◆ PROBLEM TO WORK ON ◆
Once you reach the line containing "Rare Embossed HAYWARD'S" in the entries below, write out that line and each one after it down to the line containing "Dutch Creek Bridge", exactly and with nothing added.

◆ EXERCISE MATERIAL ◆
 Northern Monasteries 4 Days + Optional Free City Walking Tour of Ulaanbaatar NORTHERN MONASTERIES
...
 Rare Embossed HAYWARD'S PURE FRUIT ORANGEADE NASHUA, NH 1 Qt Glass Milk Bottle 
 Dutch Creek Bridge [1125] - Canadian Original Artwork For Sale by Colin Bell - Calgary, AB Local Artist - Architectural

◆ SOLUTION FOR THIS TASK ◆
 Rare Embossed HAYWARD'S PURE FRUIT ORANGEADE NASHUA, NH 1 Qt Glass Milk Bottle 
 Dutch Creek Bridge [1125] - Canadian Original Artwork For Sale by Colin Bell - Calgary, AB Local Artist - Architectural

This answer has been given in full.